Advantages of this approach to streaming snapshots are:

  • The snapshot has greater recoverability. If the pipeline is disrupted while a snapshot request is in progress, the snapshot process will resume from the beginning of that specific request, with no effect on requests already completed before the disruption.
  • Because you configure the snapshots after the pipeline has started streaming, you can ensure that your streaming configuration is working as expected before proceeding with the snapshot.
  • Breaking down large tables into smaller snapshot requests is useful to prevent log staleness, since streaming is restarted between each snapshot so it can catch up to the most recent change events.
  • Breaking down large tables gives you flexibility when it comes to snapshotting only the data you require. For example, in a large table you may only need to snapshot data from after a specific cut-off date, and ignore the older data.

Queueing and delaying snapshots

If you break a snapshot down into multiple requests, the requests will be queued and performed sequentially. When one snapshot completes, it will be removed from the queue and the next snapshot will begin.
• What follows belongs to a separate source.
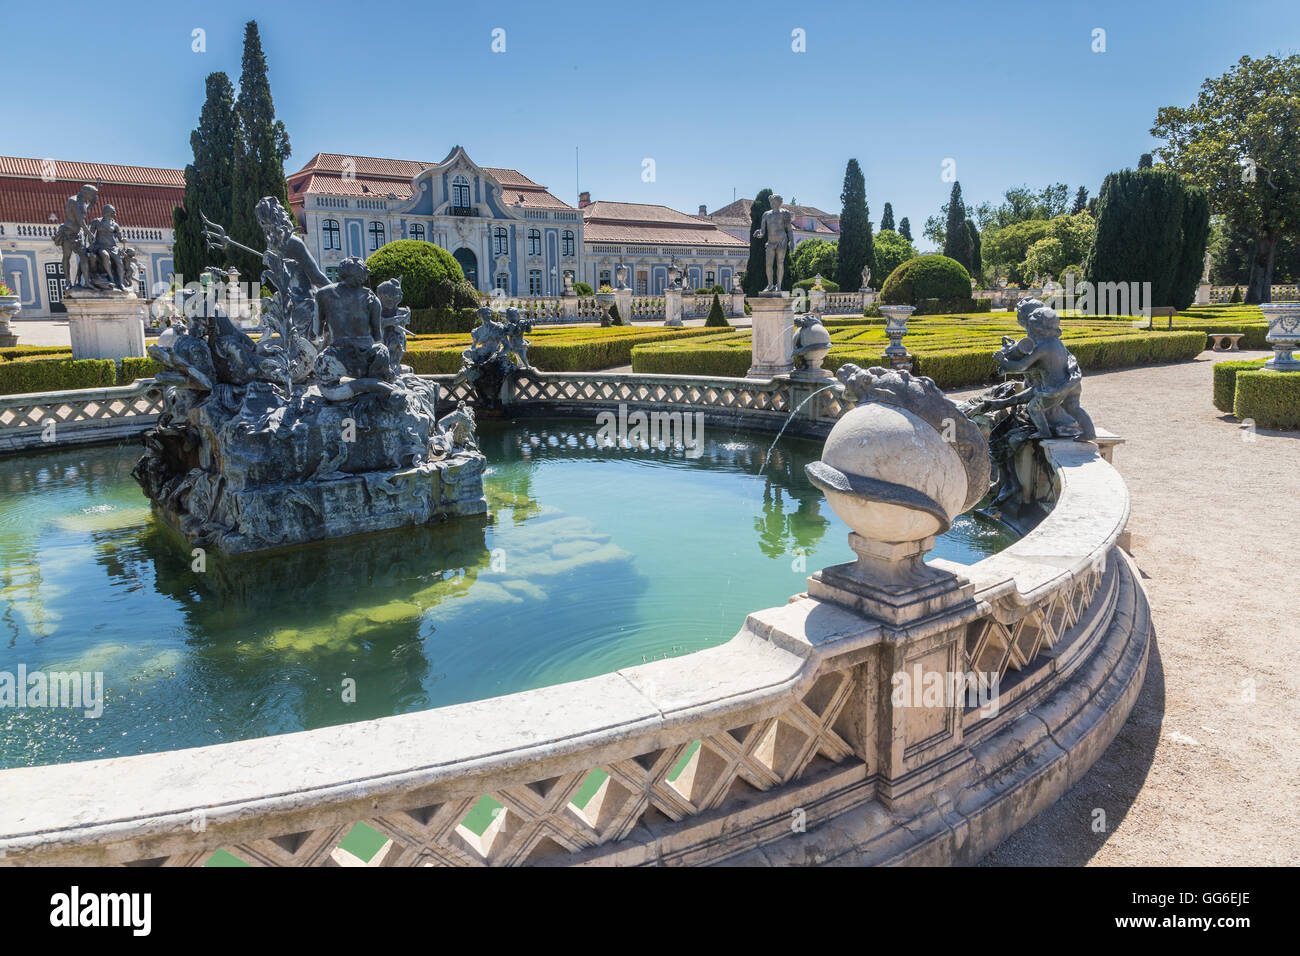 Fontaines et statues ornementales dans les jardins de la résidence royale du Palais de Queluz, Lisbonne, Portugal, Europe Banque D'Images
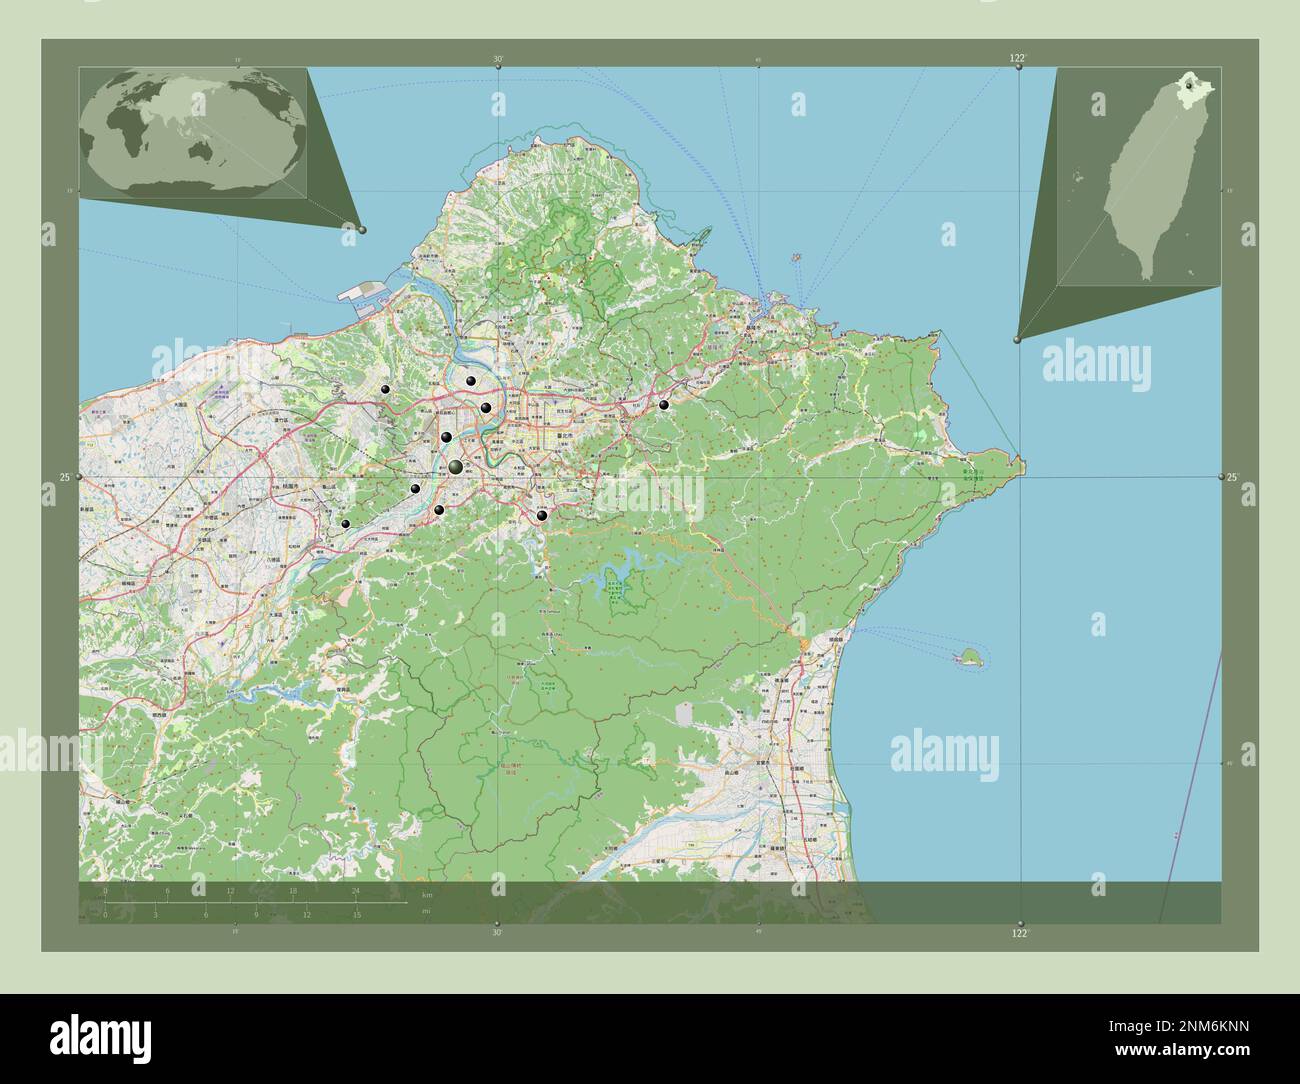 New Taipei City, Sondergemeinde Taiwan. Straßenkarte Öffnen. Standorte der wichtigsten Städte der Region. Eckkarten für zusätzliche Standorte Stockfoto

You can configure a delay between the execution of different requests in the queue. The delay allows streaming to be restarted between each snapshot, to catch up to the most recent change events.

If no delay is configured, all queued snapshot requests will be executed consecutively, leaving no time for streaming to occur until all snapshots have been completed. This would increase the risk of log staleness and reduce recoverability, negating the benefit of the queuing approach.